Philip Morris is now allowed to make the following claims with regards to IQOS:

  • The IQOS system heats tobacco but does not burn it.
  • This significantly reduces the production of harmful and potentially harmful chemicals.
  • Scientific studies have shown that switching completely from conventional cigarettes to the IQOS system significantly reduces your body’s exposure to harmful or potentially harmful chemicals.

FDA is satisfied that IQOS is appropriate to promote public health and expects it to benefit the health of the population as a whole.

“Data submitted by the company shows that marketing these particular products with the authorized information could help addicted adult smokers transition away from combusted cigarettes and reduce their exposure to harmful chemicals, but only if they completely switch,” said Mitch Zeller, J.D., director of the FDA’s Center for Tobacco Products.

The FDA will closely monitor how IQOS performs to ensure youth don’t begin using the product. Fortunately, IQOS is highly unlikely to appeal to teens. In Japan, where the product has been most successful and faces no competition from e-cigarettes, youth use is minimal.

The FDA’s decision is good news for public health. Smokers looking for a safer alternative to traditional cigarettes will both have access to IQOS and necessary information to make an informed choice. More than 10 million smokers worldwide have already made the switch to IQOS, according to Philip Morris.

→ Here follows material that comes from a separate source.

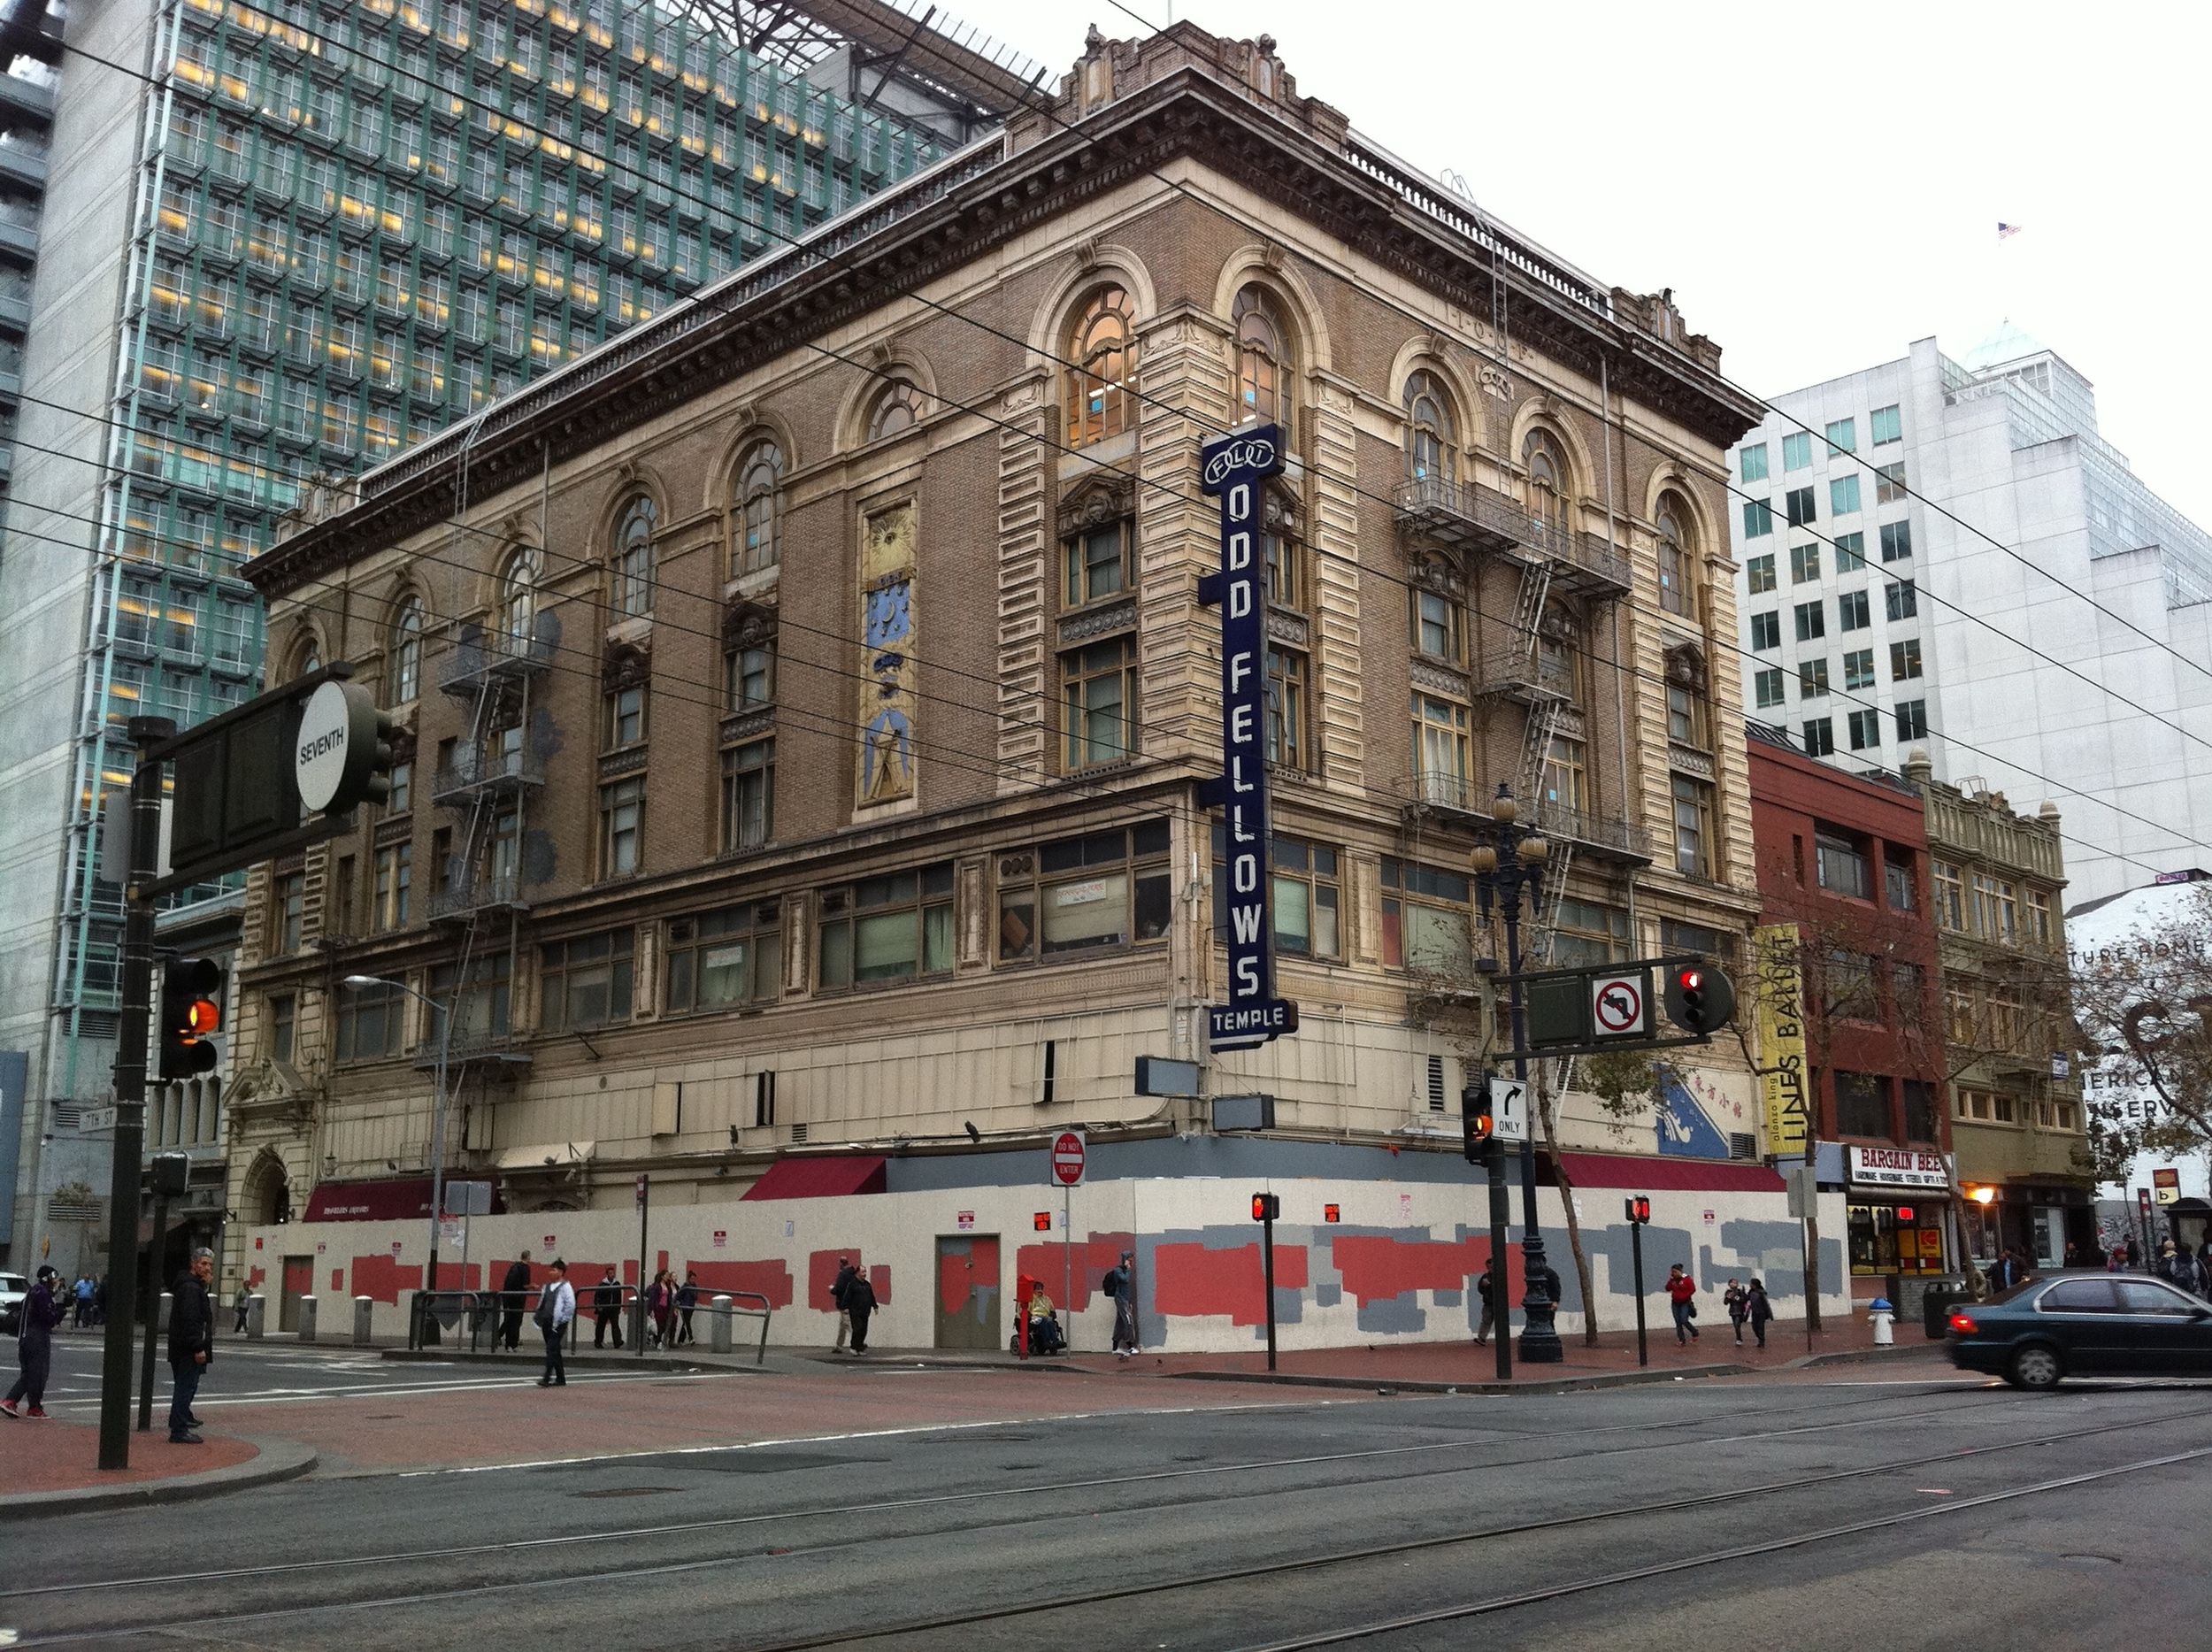 Our venerable building

Heated tobacco products like IQOS are relatively new. Unlike e-cigarettes, they use real tobacco, but because the device heats plugs of tobacco known as heat sticks, rather than burning them, both the user’s exposure to harmful and potentially harmful chemicals is dramatically reduced.

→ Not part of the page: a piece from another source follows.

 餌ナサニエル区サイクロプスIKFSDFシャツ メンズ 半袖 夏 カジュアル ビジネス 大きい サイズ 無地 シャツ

According to a study by the American Cancer Society in 2019, the dramatic decline in Japanese cigarette sales of 10 percent per year from 2015 through 2018 is attributable to heated tobacco products like IQOS.

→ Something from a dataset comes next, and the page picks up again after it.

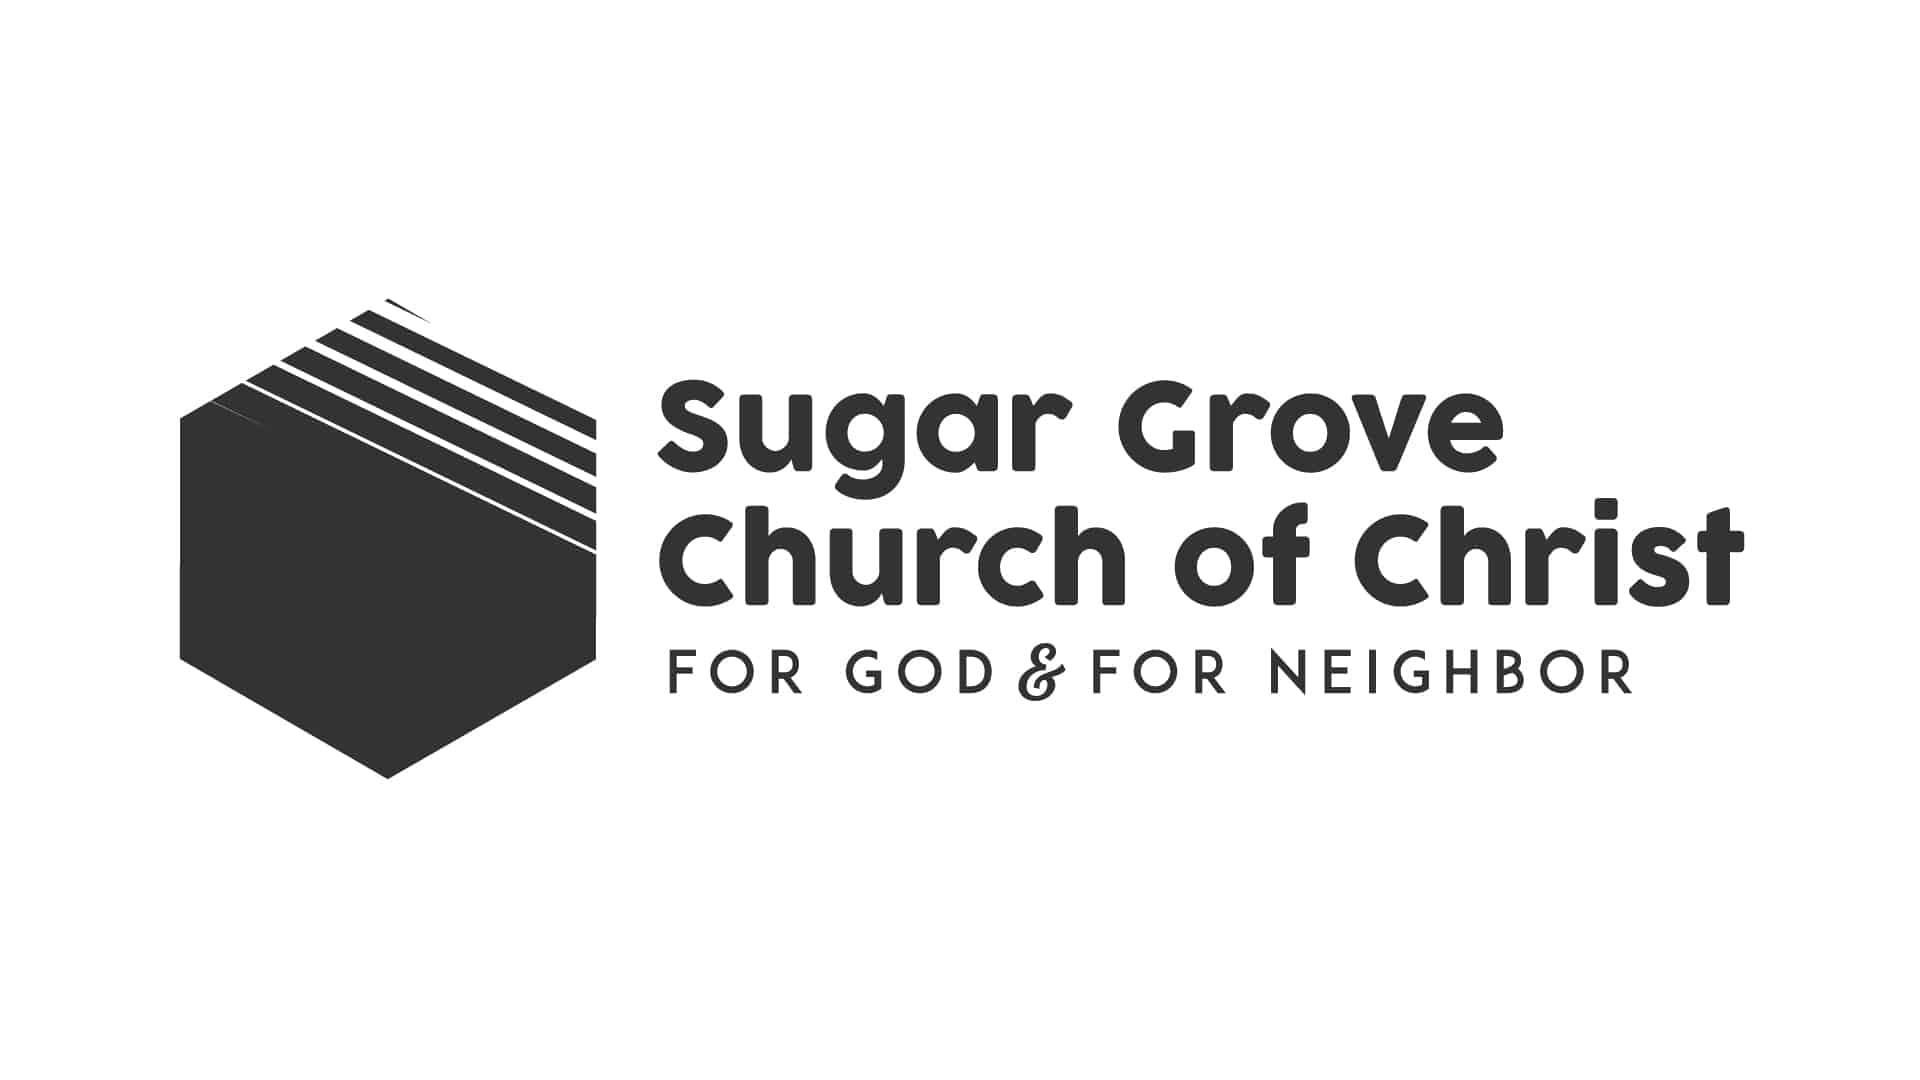 Sugar Grove Church of Christ

For policymakers, there’s a clear and obvious conclusion to be drawn from the FDA’s decision: IQOS differs dramatically from traditional cigarettes and should not be treated equivalently.

To maximize the potential of IQOS to improve public health, legislators should tax it at a significantly lower rate than cigarettes. Letting people know that IQOS reduces exposure to harmful chemicals, when compared to cigarettes, will be crucial to getting public health successes from IQOS and products like it. Government actions that raise the price or limit consumer awareness of these products will only serve to keep smokers using and smoking traditional products.

IQOS is only the second product ever to be accepted as a modified risk tobacco product. While FDA’s decision is undoubtedly the right one, it highlights that the current process poses significant barriers to entry to smaller companies trying to obtain MRTPs. Philip Morris was only able to gain an MRTP after three years and millions of dollars spent.

There’s a similar problem occurring with e-cigarette products. Few e-cigarette companies have the deep pockets of Big Tobacco giants like Philip Morris needed to navigate this process. And many vaping companies may struggle to remain on the market this year, let alone inform smokers of the benefits of switching to vaping.

The FDA is requiring these e-cigarette manufacturers to submit premarket tobacco applications (PMTA) to the FDA in September. Without substantial easing of this process combined with clearer guidance from the FDA, most e-cigarette companies will fold. As the FDA put it, “Under the PMTA pathway, which is the marketing pathway most likely to be pursued for electronic nicotine delivery systems (ENDS) products, manufacturers or importers must demonstrate to the agency, among other things, that marketing of the new tobacco product would be appropriate for the protection of the public health.”

Vaping and IQOS are less harmful to users than smoking cigarettes. If the FDA and Congress wish to see smoking rates decline even more rapidly than they have in recent years, it needs to reform and streamline its regulatory process so that potentially innovative products that can help public health are able to enter a free and competitive marketplace.